What convinces you (Jean and Valery) that it is a LBBG?

Would the strength of the head pattern at that time of year (very late September) be expected for LBBG (there is some rather faint mask showing on the 2 nearby LBBGs in my photos)?

My impressions of the bird 'in the field' were of a bird, slightly smaller than the HGs, which was slightly darker than the Herring Gulls but not nearly as dark as a typical LBBG, (nor as dark as the LBBGs that were actually nearby - which I would say were typical examples of LBBGs around here). That doesn't rule out it being a paler than usual individual but the jizz of the bird didn't feel right for a LBBG either - which may have been as a result of the bird's posture. It was, to me, more comparable to the Herring Gulls it was loosely associating with.

I wouldn't have spent so much time looking at and photographing the bird if it had given any impression of being a LBBG. It was the mantle shade that caused me to stop on the bird in the first place, then I noticed the leg colour. LBBGs are relatively uncommon birds in Arbroath with HG & GBBGs predominating, so even the 2 clear LBBGs that day were commented upon at the time.

(I've never seen a YLG (& only 1 Caspian) - they are still very rare in Scotland and I've never birded abroad, so any slightly unusual gull will get my attention - as much as an opportunity to learn from it than anything else.
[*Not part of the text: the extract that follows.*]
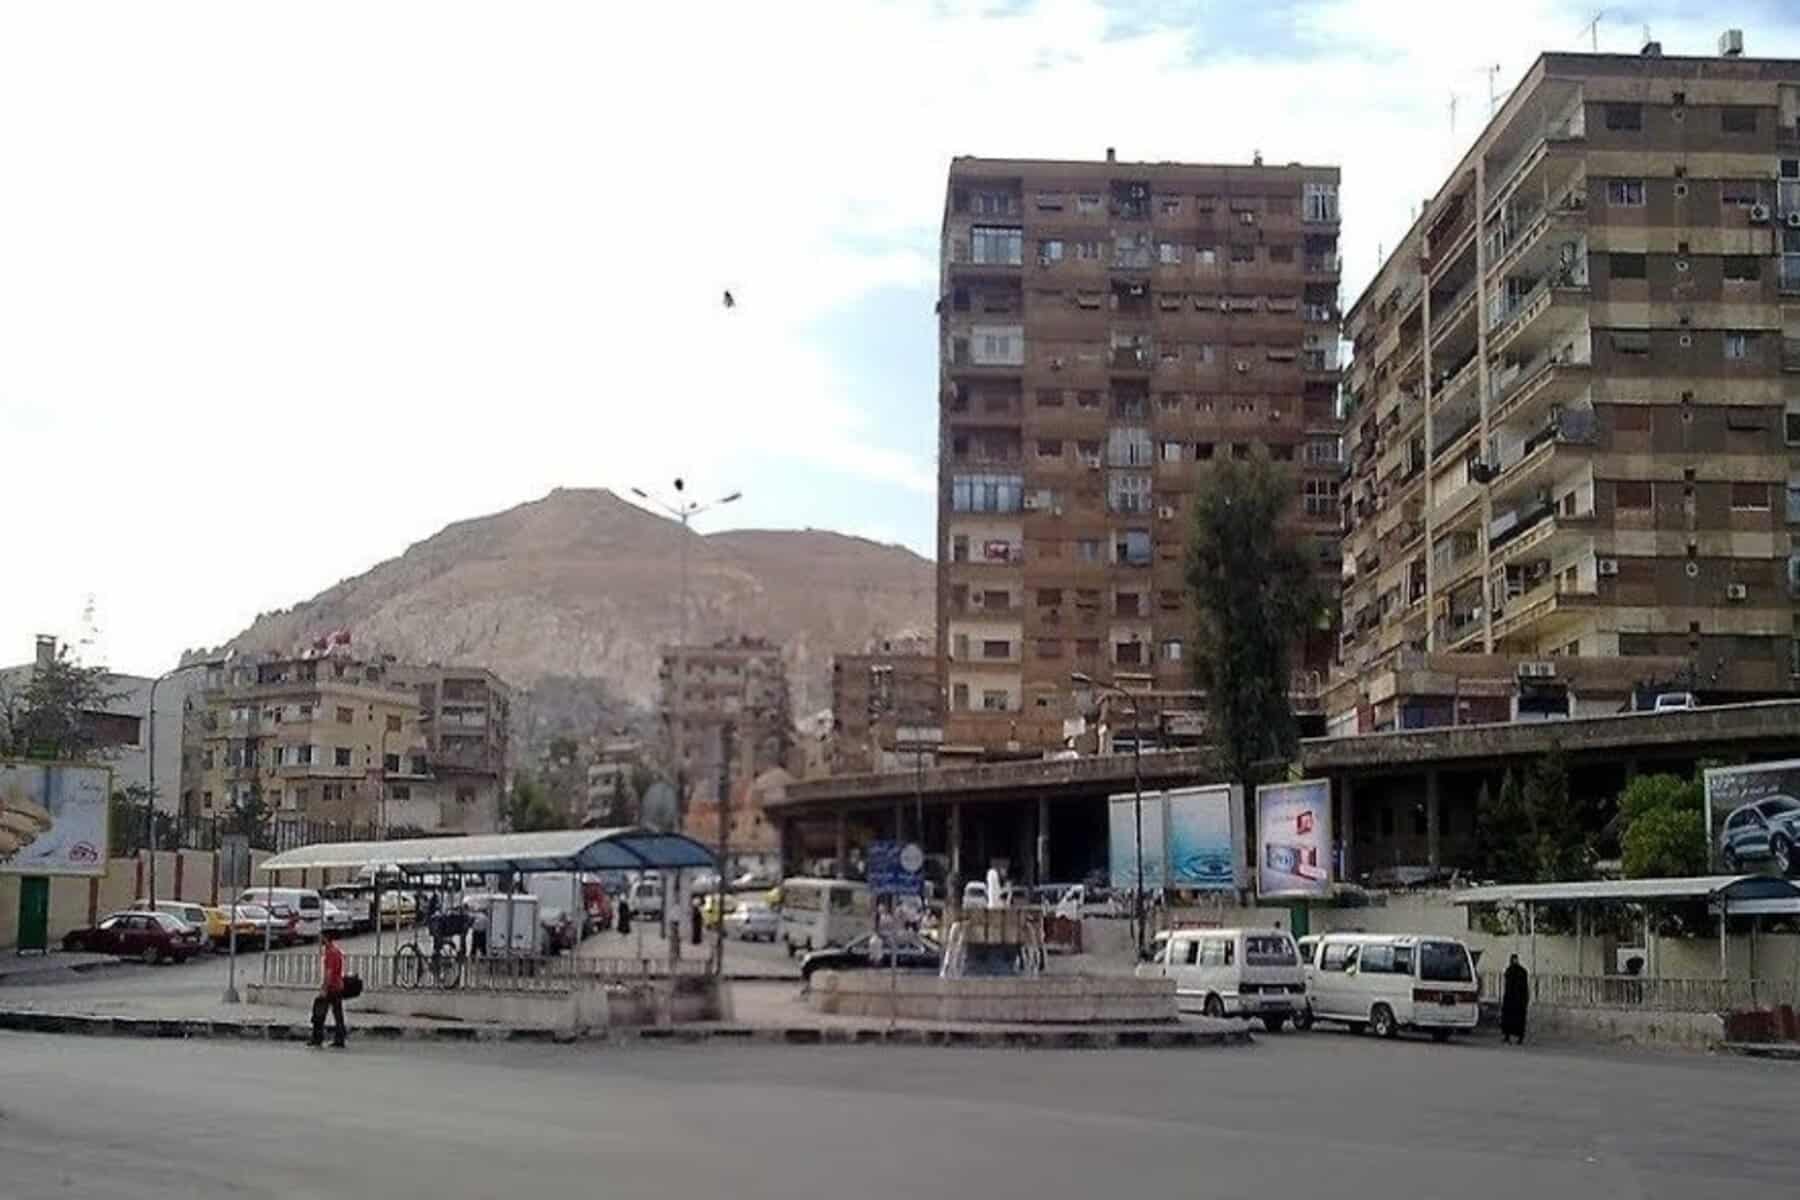  alarabtrend.com جريمة مروعة في العاصمة السورية دمشق ضجت بها منصات التواصل في سوريا

The books/magazine articles/websites usually leave me confused and tangled up in knots - seeming to contradict each other as much as they support each other, so I've posted the pics on here where there are birders who are familiar with YLG and the intricacies of gull ID in general).
 
Thanks, Tib. A hybrid seemed to me to be the likeliest option (and was where I'd ended up having read up as much as I could - though I was not 100% sure) but getting someone who knew enough to confirm it, or indeed totally rule it out was what I was hoping for. However, 3 folk (between the 2 threads) have now said LBBG and I'm interested in their reasoning as to why, so I can commit that knowledge (along with that from yourself) into memory, in case I need it again someday.